Как глубинный психолог, я пыталась психотерапевтически спасти от распада двух моих вымышленных героинь, Марию Лытневскую и её правнучку Марину Елецкую (современное воплощение гуманизма и добродетели, русской интеллигенции, изрядно пострадавшей и видоизменившейся после событий 1917 года), наглядно демонстрируя возможности психологической работы. Каждая из этих женщин, столкнувшись с тяжёлыми проблемами своего прошлого, прибегла к помощи психологии, коей когда-то не суждено было воспользоваться Марине Цветаевой, оставшейся один на один со своим прошлым.

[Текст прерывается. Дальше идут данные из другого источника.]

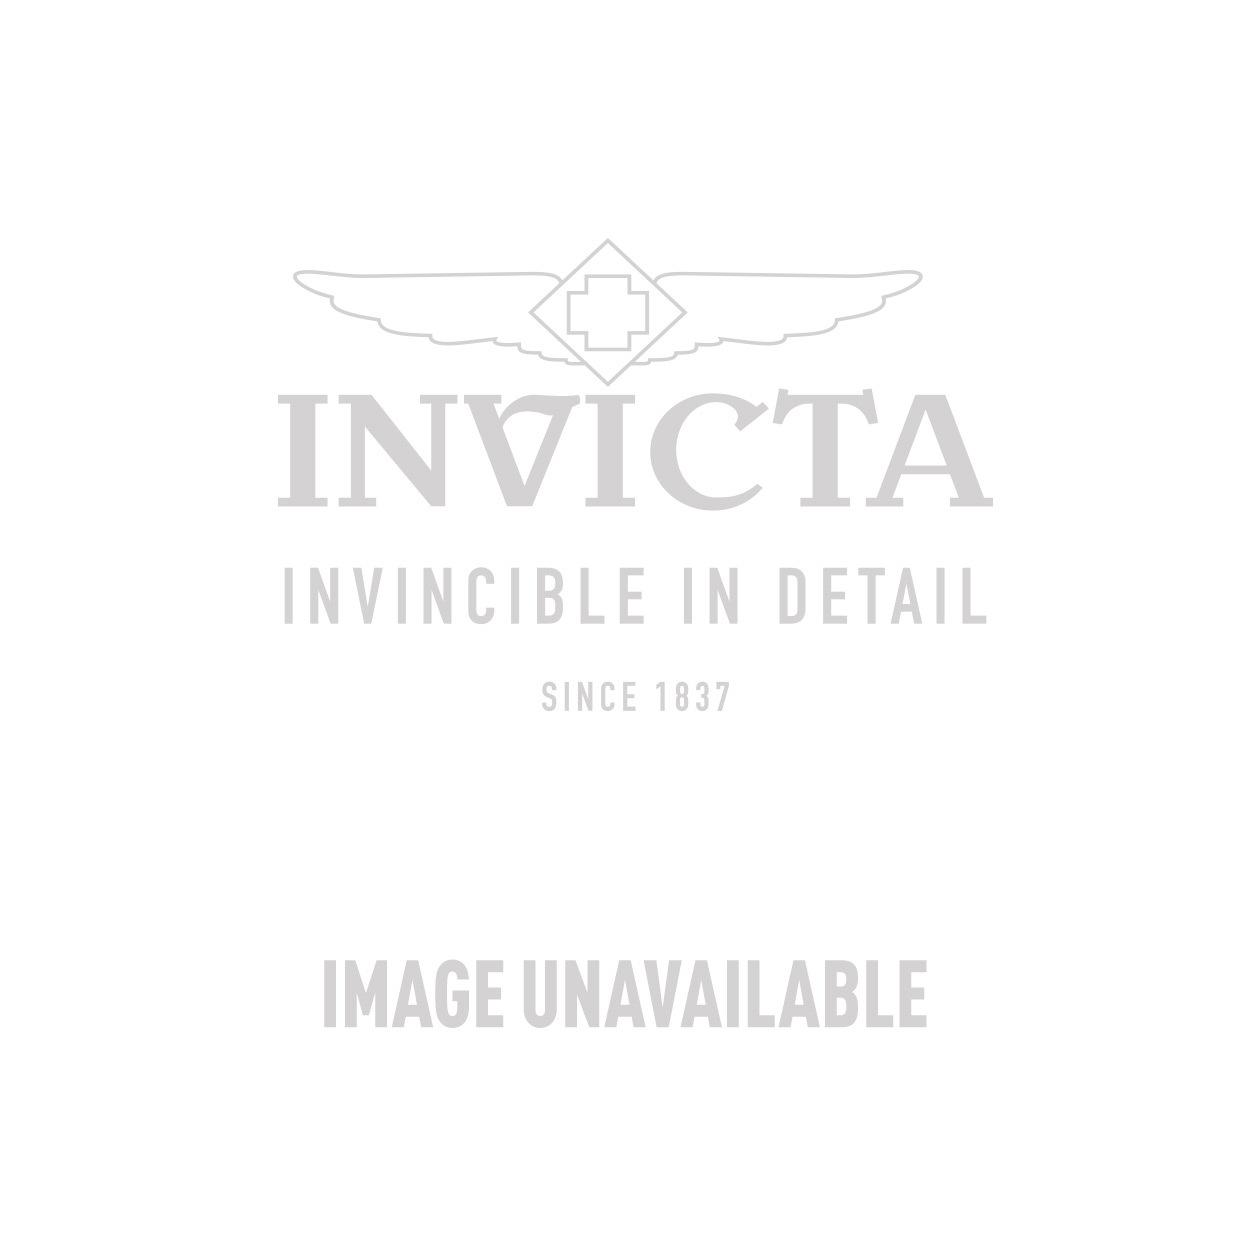 Invicta Speedway Quartz Watch - Gold, Black case with Gold, Black tone Stainless Steel, Polyurethane band - Model 17200

Земную жизнь пройдя до половины,
Я очутился в сумрачном лесу,
Утратив правый путь во тьме долины.
I
Идея Аристотеля об обладании серединной ровностью окутана густым туманом слишком общих, обволакивающих, хотя и довольно красивых, слов. Так, к примеру, мужество – это обладание серединой между страхом и отвагой, а щедрость – это середина между мотовством и скупостью. На словах всё оказывается довольно просто. «Можно стремиться к чести столько, сколько следует, а также больше и меньше, чем следует». Что же посередине? Да и вообще, где находится эта самая середина, как же ее определить? Где бесчестье и вседозволенность превращаются в пытку и для себя, и особенно для других? Чем ученик Платона отмерял эту середину? Ложь и правда, честность (истину трогать вообще не будем) – полярные противоположности, но как быть с ложными представлениями о мире, в плену которых мы все находимся? Религия трактует мир по-своему, совсем не так, как Эйнштейн или Дарвин, и выходит, что правда у каждого своя, и с этим приходится считаться. А сказать не всю правду – значит ли это солгать? Или нет? А как же быть с искренними заблуждениями и непреднамеренными ошибками? Ведь даже то, что внешне кажется вполне правдоподобным, не обязательно является правдой или справедливостью, и даже самая высокая вероятность чего бы то ни было не защищает нас от ошибки.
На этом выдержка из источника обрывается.